Double Integral

A double integral returns the volume of a Bivariate Function, similar to how a normal integral returns the area of a function.

Definition §

Let $f(x,y)$ be a bivariate function. Then the volume, $V$ of $f$ is equal to :

$$V=\iint f(x,y)\text{d}x\text{d}y=\iint f(x,y)\text{d}A$$

• $A$ is the area of a region ($\text{d}x\text{d}y$).
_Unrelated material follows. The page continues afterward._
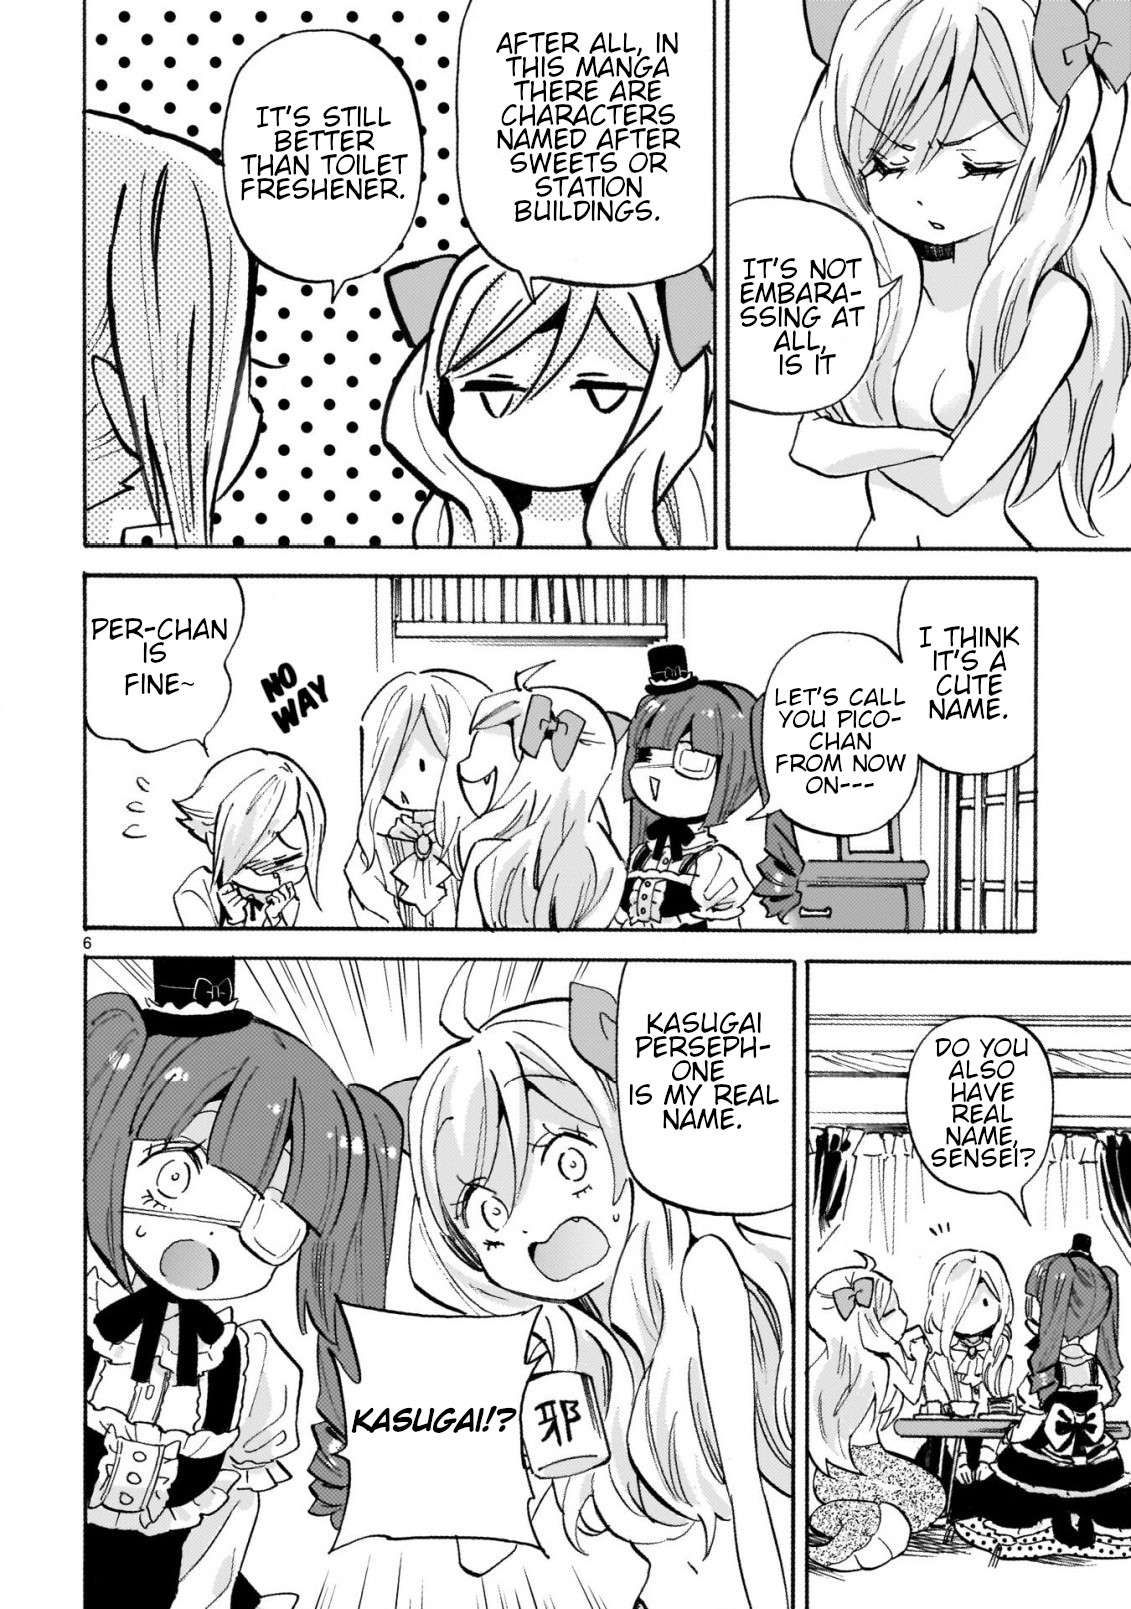 Jashin-chan Dropkick chapter 247 page 6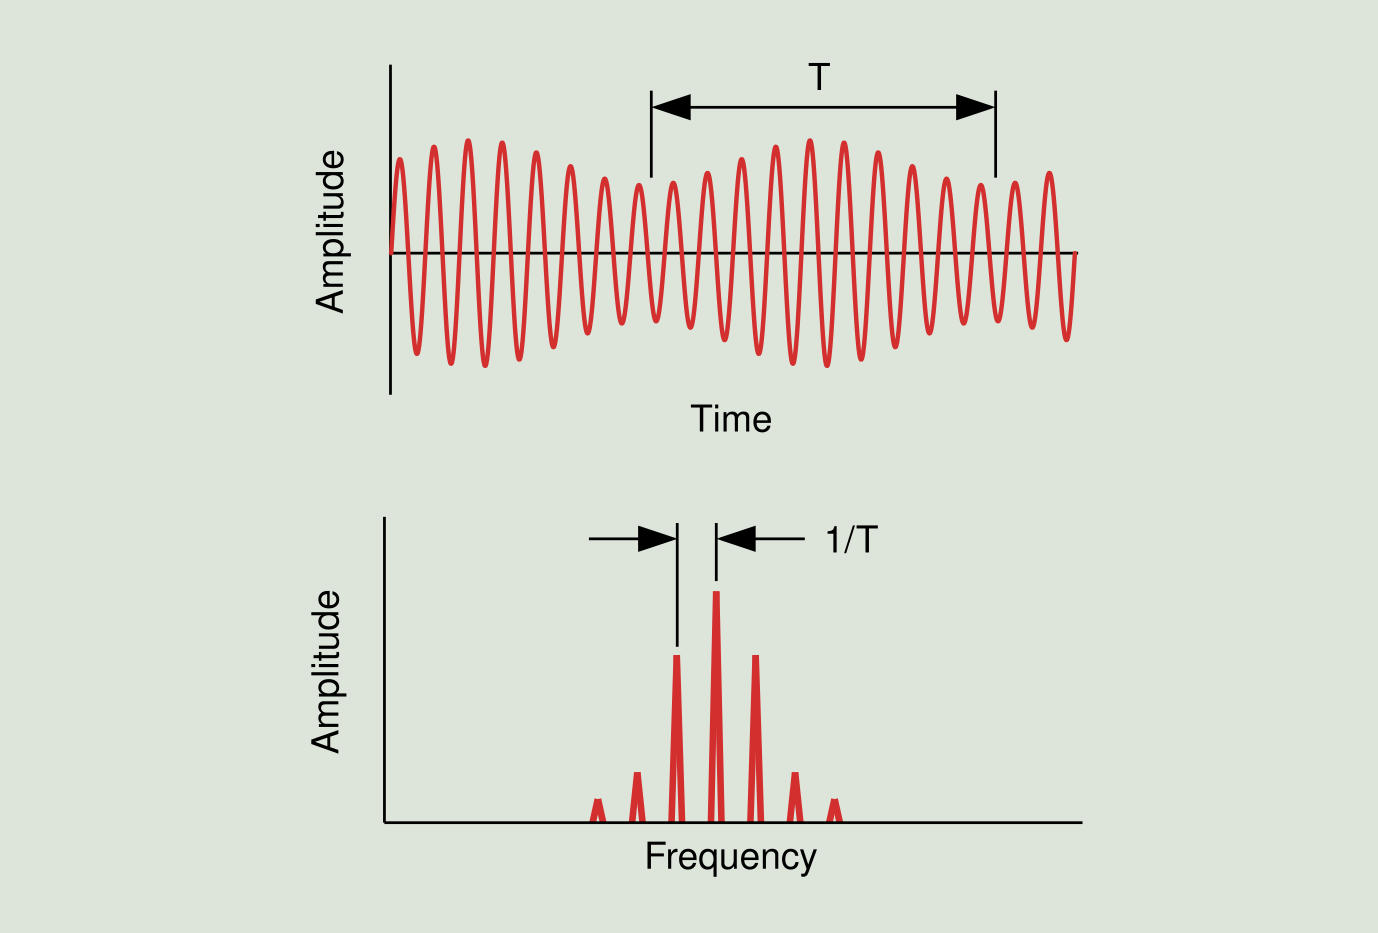 Figure 2.8: Amplitude modulation

Literally $\text{d}x$ multiplied by $\text{d}y$.

In definite form:

$$V={\iint }_{D}f(x,y)\text{d}A={\int }_c^d{\int }_a^{b}f(x,y)\text{d}x\text{d}y$$

• $D$ is the domain rectangle, and can be represented as $[a,b]\times [c,d]$, which is equivalent to $a\le x\le b$ and $c\le y\le d$.

Fubini’s Theorem §

Let f : ${\mathbb{R}}^2\to \mathbb{R}$ be a continuous function over the domain $D=[a,b]\times [c,d]$. Then:

$$\int {\int }_{D}f(x,y)\text{d}A=\int \int f(x,y)\text{d}x\text{d}y=\int \int f(x,y)\text{d}y\text{d}x$$

I.e. the order of integration does not matter.

Fubini’s theorem makes integration a lot easier, in some cases.